Spectrum analyzer block in Simulink - Time & Space Complexity

We want to understand how the time needed to analyze a signal changes as the signal size grows when using the Spectrum analyzer block.

How does the processing time grow when the input signal gets longer or more detailed?

Analyze the time complexity of the following code snippet.

% Simulink Spectrum Analyzer block setup
spectrumAnalyzer = dsp.SpectrumAnalyzer('SampleRate', Fs, 'SpectrumType', 'Power density');

for k = 1:numFrames
    frame = inputSignal((k-1)*frameSize+1 : k*frameSize);
    spectrumAnalyzer(frame);
end
    

This code sends frames of the input signal to the Spectrum analyzer block to compute and display the power spectrum for each frame.

Identify the loops, recursion, array traversals that repeat.

• Primary operation: Computing the spectrum for each frame of the input signal.
• How many times: Once per frame, so the number of frames depends on the input signal length divided by frame size.

As the input signal gets longer, the number of frames increases, so the Spectrum analyzer runs more computations.

Input Size (n)	Approx.
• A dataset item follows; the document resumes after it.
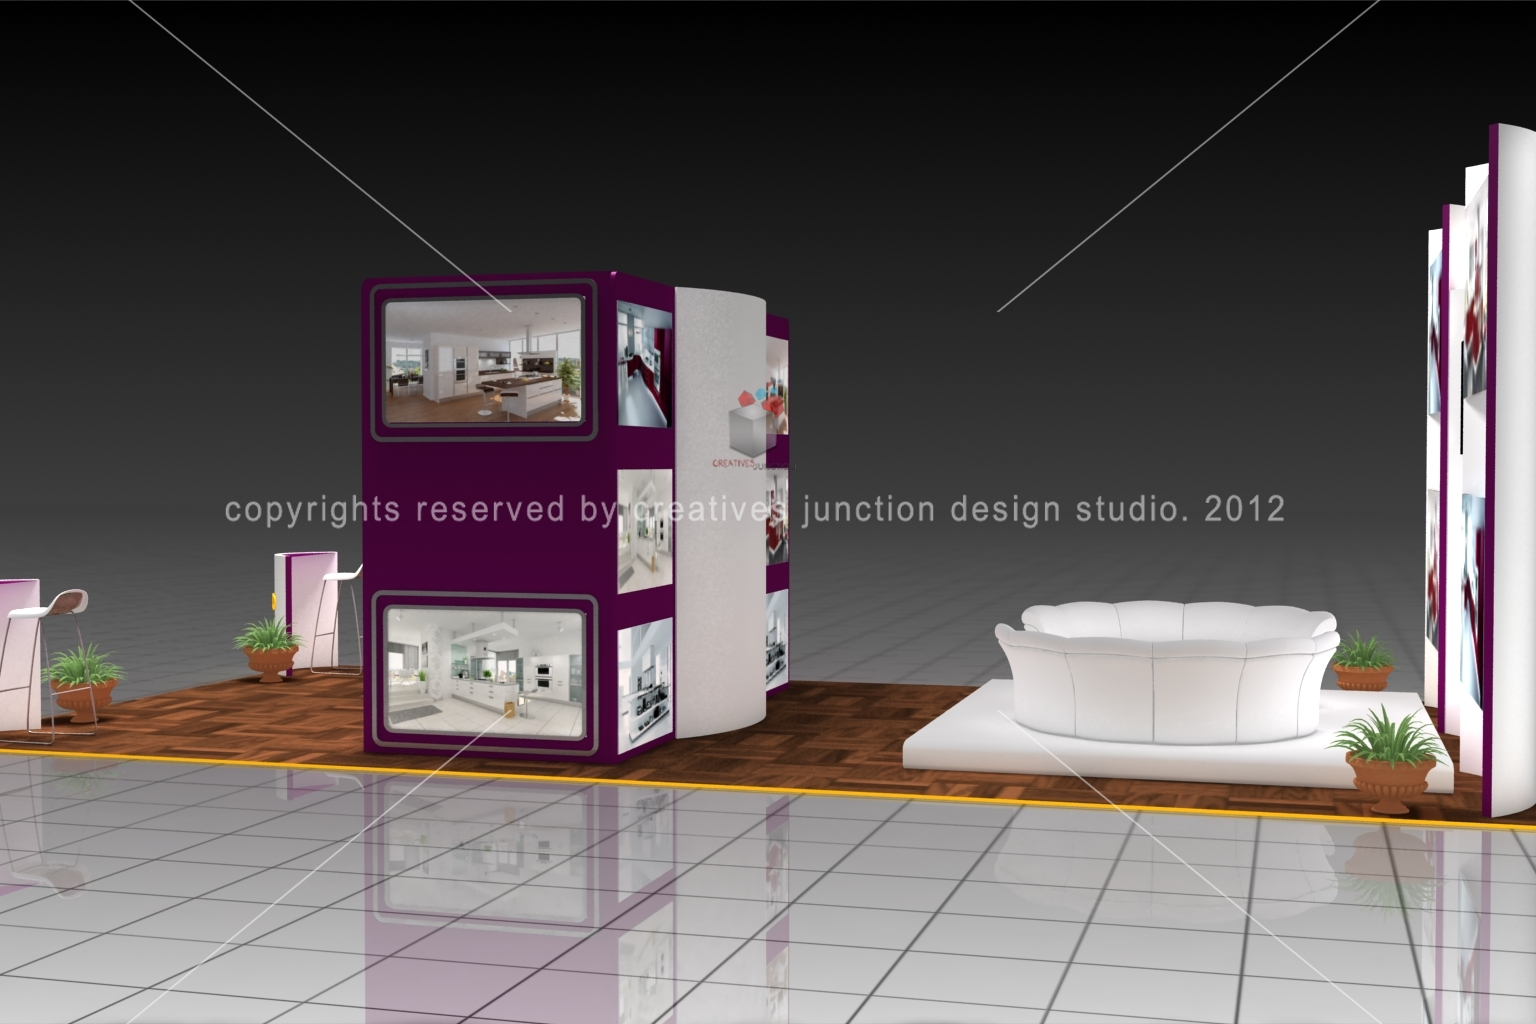 Exhibition Stand Design Decor : Creatives junction design studio home decor exhibition stand

Operations
10,000 samples	About 100 frames (if frame size is 100), so 100 spectrum computations
100,000 samples	About 1,000 frames, so 1,000 spectrum computations
1,000,000 samples	About 10,000 frames, so 10,000 spectrum computations

Pattern observation: The total work grows roughly in direct proportion to the input size.

Time Complexity: O(n)

This means the time to analyze the signal grows linearly as the input size increases.

[X] Wrong: "The Spectrum analyzer processes the entire signal all at once, so time does not depend on input size."

[OK] Correct: The analyzer processes the signal frame by frame, so more input means more frames and more processing time.

Understanding how processing time grows with input size helps you explain performance in real signal processing tasks confidently and clearly.

"What if we changed the frame size to be twice as large? How would the time complexity change?"